All believers need the crutches of religion and god for their existence. They are unable to fill the vacuum unbelief will cause in their minds. They are mentally weak.  They know the flaws in their belief and so are desperate to defend their faith. Therefore its' futile to argue with them. You can wake up a sleeping man but not a man pretending to sleep.

"We can't just give up and go on our merry way because of the apparent futility of it. There's too much at stake."

This this kind of thought is the laudable strength of atheists like  you. No doubt we cant give up. This kind of thought keeps our hopes alive. We will win ultimately because we are strong.

Madhukar:

As always your knowledge and wisdom impresses me.

"All believers need the crutches of religion and god for their existence. They are unable to fill the vacuum unbelief will cause in their minds. They are mentally weak.  They know the flaws in their belief and so are desperate to defend their faith. Therefore its' futile to argue with them. You can wake up a sleeping man but not a man pretending to sleep."

What you say very much reminds me of a saying by Mark Twain:

"Faith is believing what you know ain't true".

I am thrilled that we have biblical scholars and historians at this site.  Your writings are absolutely first rate and must reading.  Thank you for them!

Hey James,

I won't for a moment pretend to be either a professional scholar or a historian, I'm just a history enthusiast who enjoys the subject and likes to share some of the more interesting stuff the actual scholars are figuring out :) Glad you enjoyed it though, and thanks for the compliments!

Regards,

Matt

(Assuming you replied to me, the formatting was ambiguous)

Like Madhukar, I was an atheist before I ever heard of Richard Dawkins or any of the other men called the new atheists. I like their works, but I don't base my atheism on them. I think any atheist would (perhaps should) be outraged at all the atrocities committed in the name of some god.
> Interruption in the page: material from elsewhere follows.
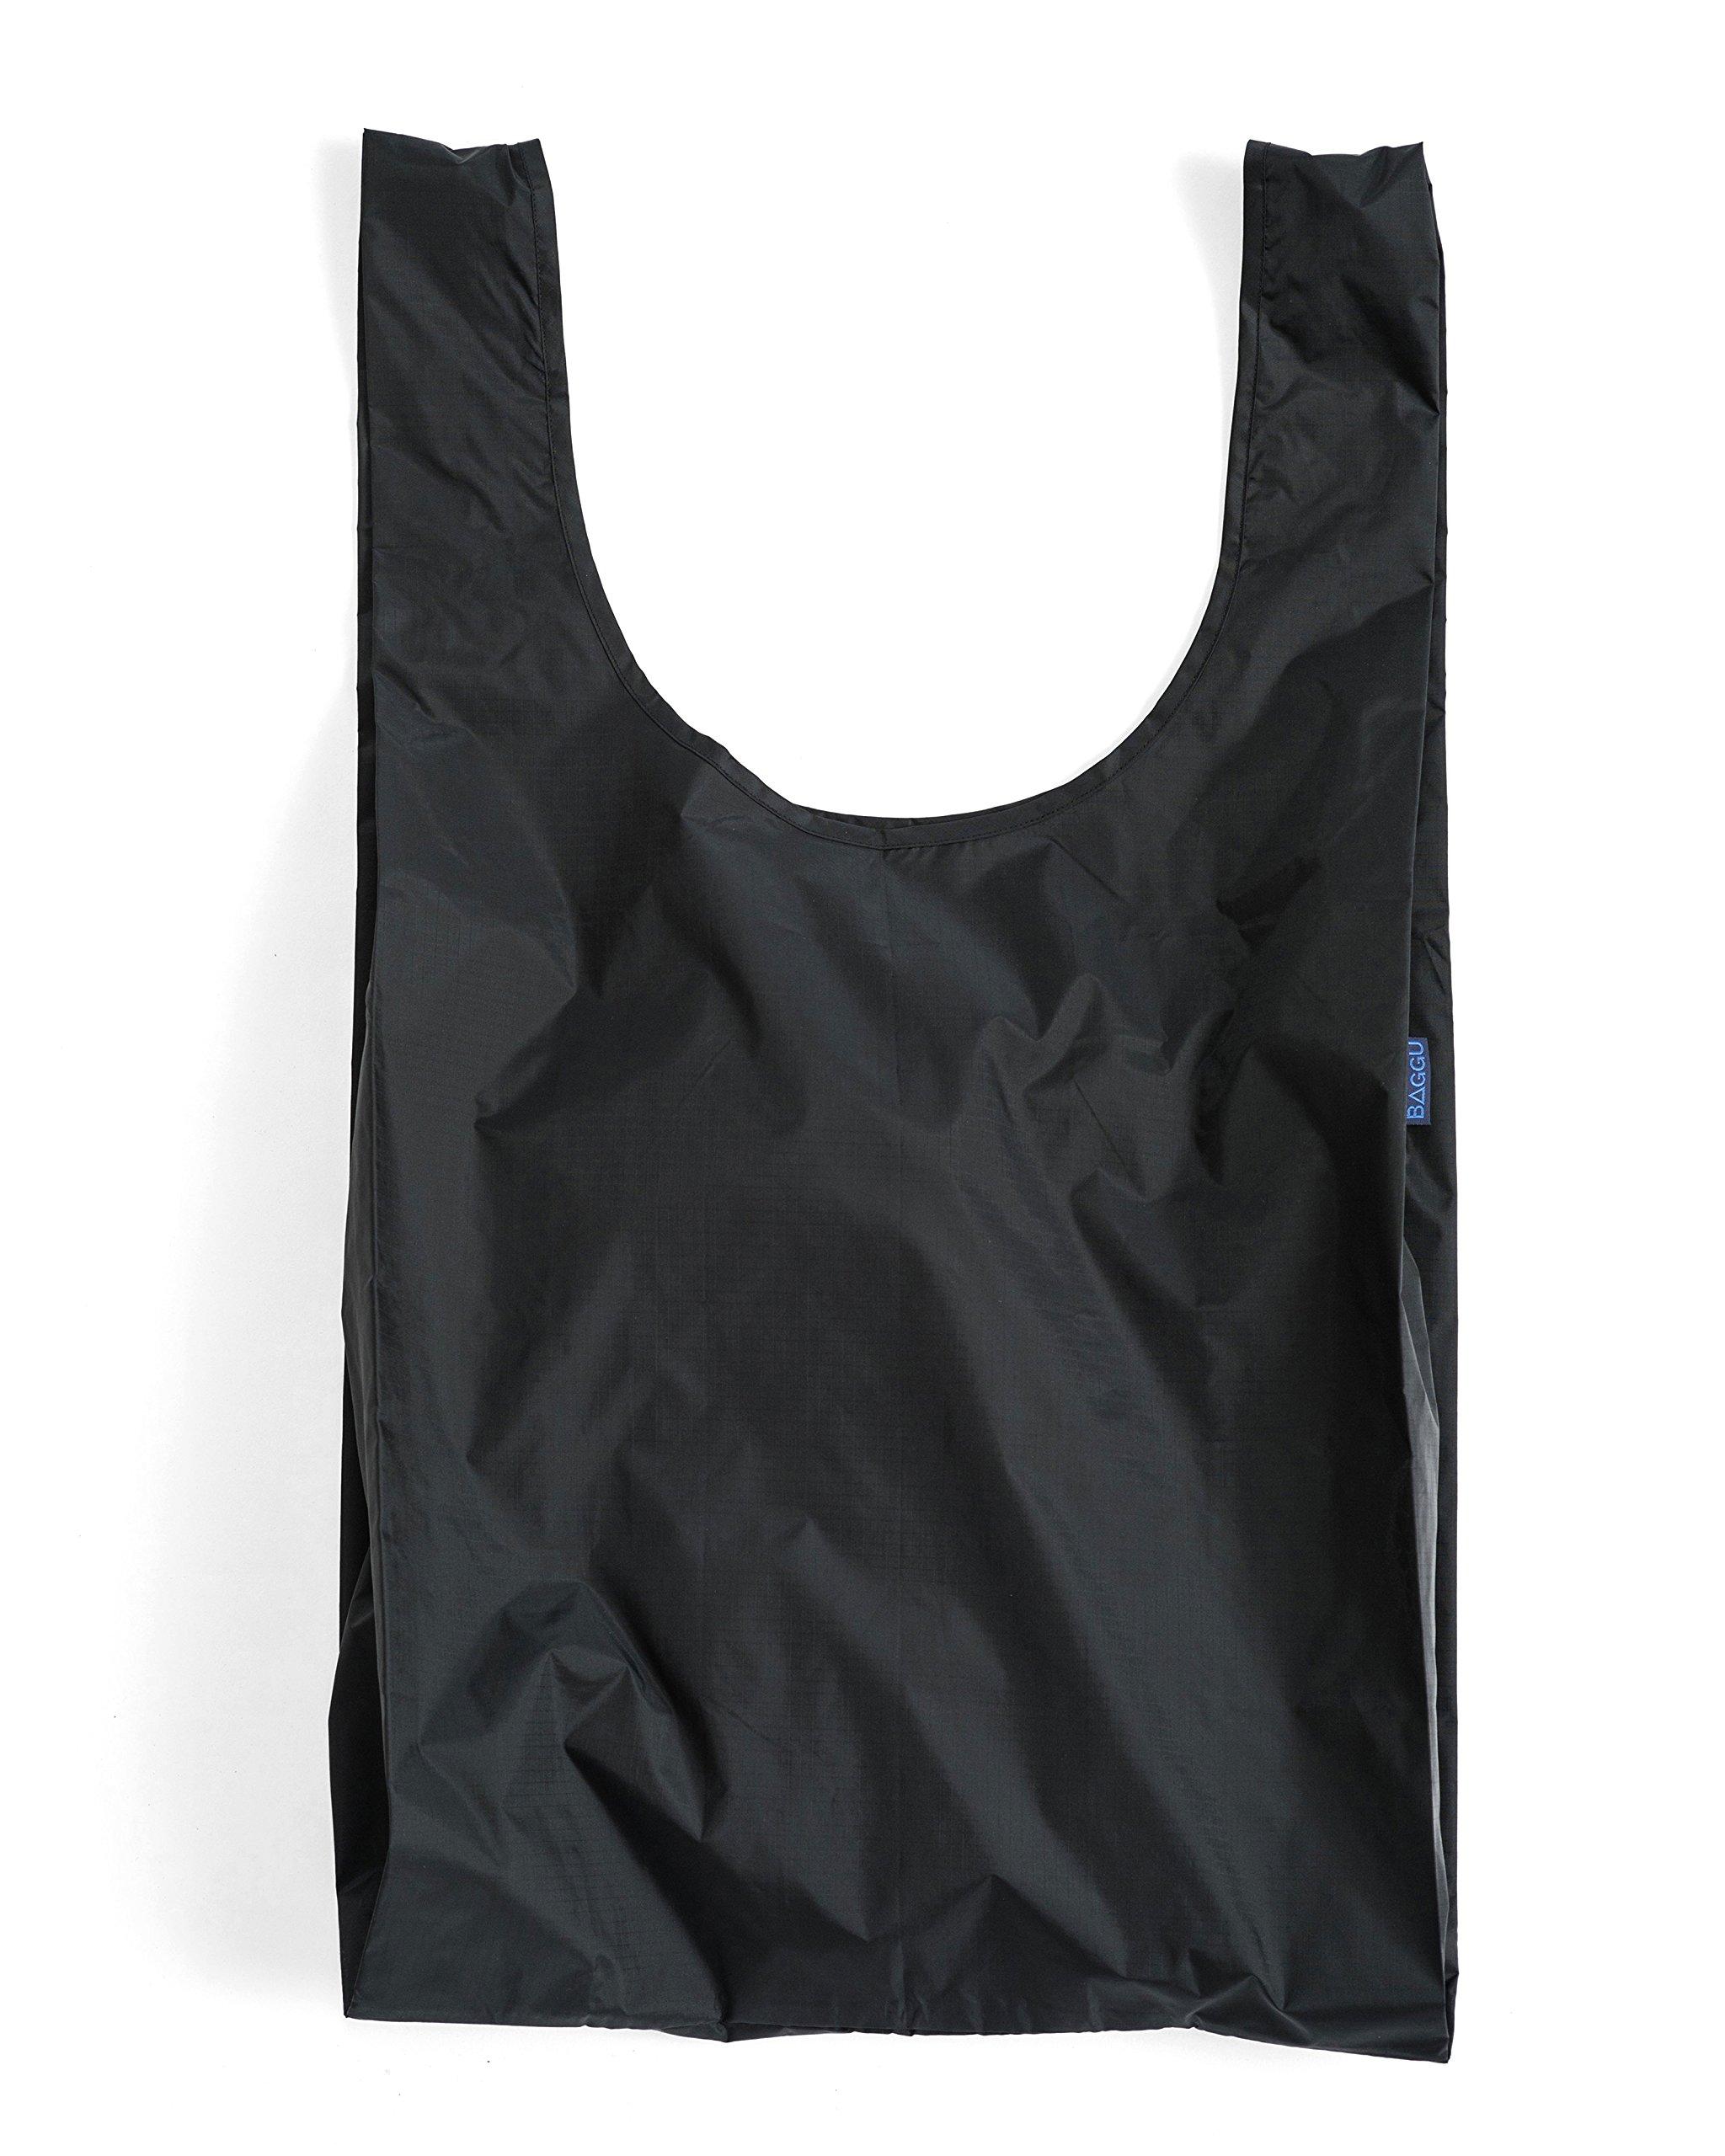 BAGGU Large Reusable Shopping Bag, Foldable Ripstop Nylon Tote for Laundry or Shopping, Black

Atrocities that have occurred for millennia and still occur today at breakneck pace.

It is a simple matter for them to dismiss what you say about Herod's slaughter as a simple matter of the sites not having been discovered yet.  They could even point out that scientists have not given up the search and that there are quite a few (albeit Christian ones) that are still searching.  For your problem with the flood they have many different answers depending on how your question is phrased.  I think the one given in this circumstance is to compare it to a muddy pond.  If you stir the mud around the debris will swirl everywhere, but eventually it will settle and become ordered again, pouring water would have the same effect as well. 

Obviously the flood argument is true only in small scale situations as the gravity, pressure, internal heat, and sheer size of the Earth ensures that water cannot function that way.  And anyway where did all the water go?  However, I think it will be of more use finding controversies and contridictions with their books and faith.  Such things cannot be explained away through failures or inaccuracies, however imagined, in science and they are instead to argue about the issue head on.

I am not saying I disagree with you, there are many more situations like this as well, such as the fact that the pharoh of egypt in the old testament did not rule at the time stated.  And that there is no records of slave rebellions either during that time period or during the rule of the specified pharoh.  But this too can be explained away by stating that the egyptians hid the information in shame, or that archeologists have not discovered it yet.

 

Pointing out the section of the bible where god says that he hardens the pharohs heart so that he would not do what god told him to do, for the sole purpose of increasing gods own glory would be far more efficient and I have not met a Christian yet who has explained it away (this passage translates in many different ways, as is true for the rest of the bible but I am reffering to Exodus 14:4, the current translation has removed the reference to glory and instead states simply that he is showing himself to be the lord).

I'm embarrassed to say I once categorically rejected the simple truths presented in this post.